The installation invites visitors into an underground world where they experience the story through the boar’s perspective, rummaging among deer truffles in Bavarian forest soil. Entering through a curtain of hanging fungi embedded with gently pulsing LEDs, visitors encounter two tilted screens displaying video montages while sitting on root-inspired soft pillows. The space embraces a deliberately messy aesthetic that mirrors the complexity of post-disaster ecology.
Stoetzer’s anthropological research forms the foundation for an audio and visual narrative exploring the mutual affinities between fungi, wild boar, and radioactive soil—a “nuclear love affair” that reveals how species are deeply intertwined in contaminated environments.
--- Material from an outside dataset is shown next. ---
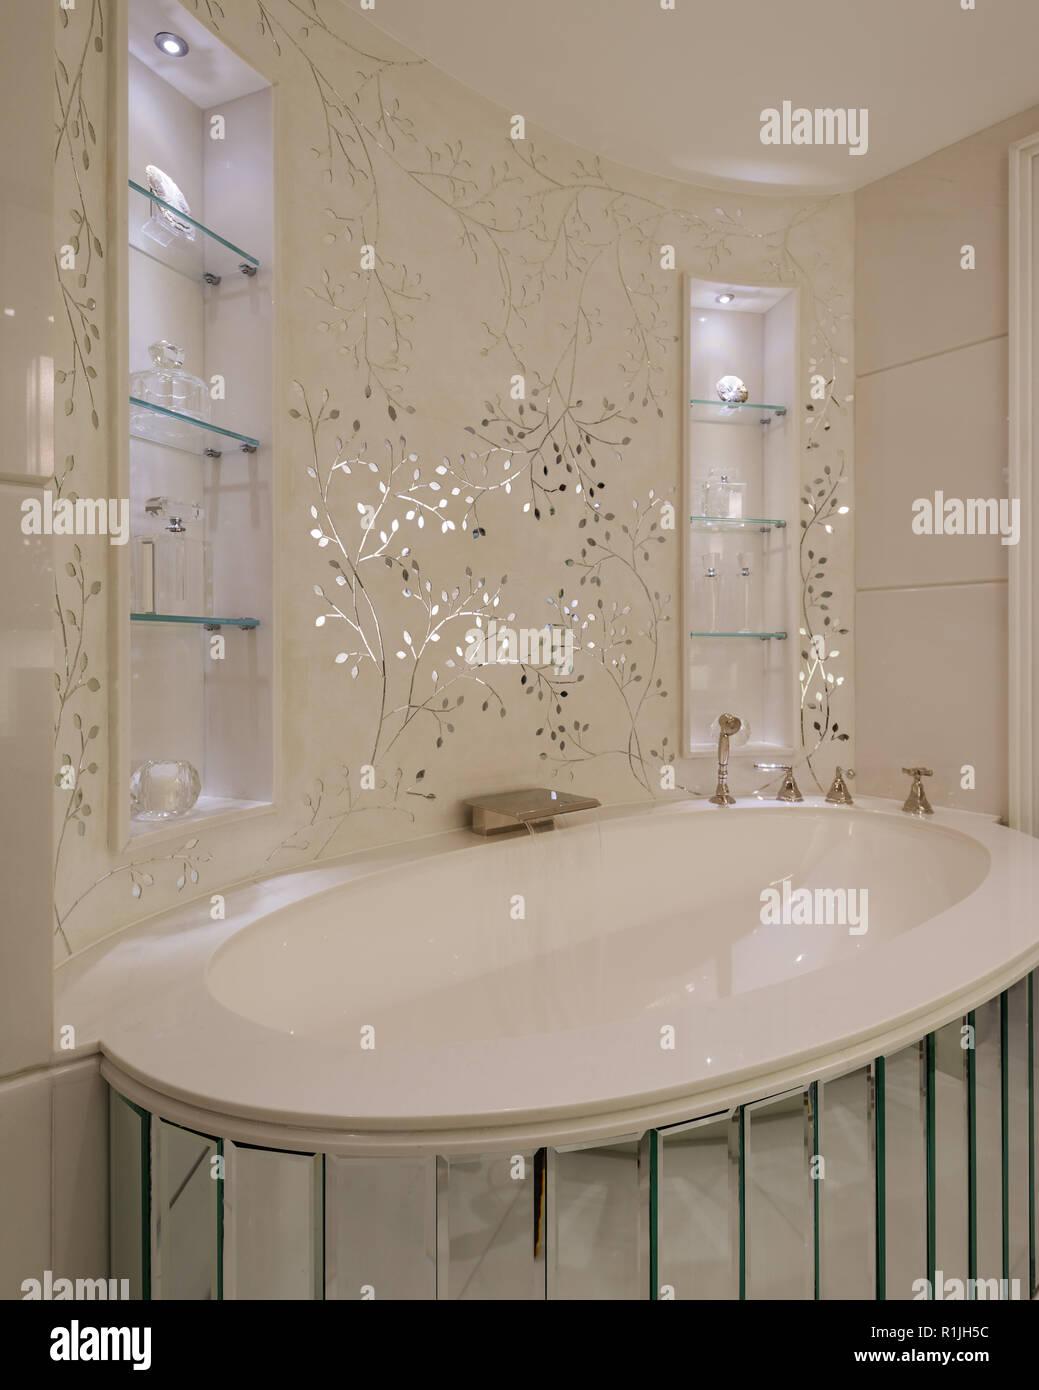 White floral wallpaper over bathtub - Stock Image

The project expands her scholarly work into new media, exploring the audio-visual and spatial dimensions of multispecies ethnography while demonstrating how art and design can illuminate environmental and social entanglements.
As part of the exhibition FUNGI: Anarchist Designers, the installation runs from November 21, 2025 through May 2, 2026, with documentation shared with MIT students studying anthropology and human-environment relations.
Schedule
Upcoming Events
FUNGI: Anarchist Designers
November 21, 2025 to May 2, 2026
Nieuwe Instituut, Museum for Architecture, Design and Digital Culture
Rotterdam, the Netherlands
In this exhibition, curated by anthropologist Anna Lowenhaupt Tsing and design studio terriStories (Feifei Zhou), fungi are for once not at the service of humans, but independent beings with their own agenda, one that is closely intertwined with colonialism and other forms of capitalist exploitation, but which also brings to life a highly distinctive multi-species world. For the exhibition, Tsing and Zhou have brought together works created at the intersection of science, visual art, and design—with a dash of imagination thrown in. Together, they show how fungi—like the unmanageable designers of the title—can disrupt human “civilization.”
Collaborators
Bettina Stoetzer is a cultural anthropologist whose research focuses on the intersections of ecology, mobility, and social justice. Stoetzer is an associate professor of anthropology at MIT, where she teaches classes on urban life and ethnography, migration, environmental justice, climate change, gender in science and technology, and the politics of nature. She is also the author of several books, including Ruderal City: Ecologies of Migration, Race, and Urban Nature in Berlin (Duke University Press, 2022).
Biography: MIT Anthropology
Asa Sonjasdotter is a Berlin-based artist, researcher, writer, and social organiser. Sonjasdotter’s artistic work is driven by an urge to engage in material-narrative processes for the unmaking of violent relations through food and land.
In her practice, Sonjasdotter investigates the relationalities of crops: their nurturing generosity, the tensions around power, politics, and narratives they stir, and the ways social organization mobilizes and forms coalitions around their cultivation.
Website: asasonjasdotter.info/About
Berkveldt is a Rotterdam-based audiovisual art studio founded by Noëlle Ingeveldt and Juriaan van Berkel. Their work is rooted in scientifically-based research and explores the interplay between humanity and the natural world, looking into the complex relationship and tensions that exist between the two.
Through extensive desk- and field-based research, Berkveldt incorporates practical, local, and anecdotal knowledge to provide new insights into complex social issues. Their generative and participatory research methods involve collaboration with various disciplines, and their immersive installations and audiovisual stories offer a unique perspective on the world.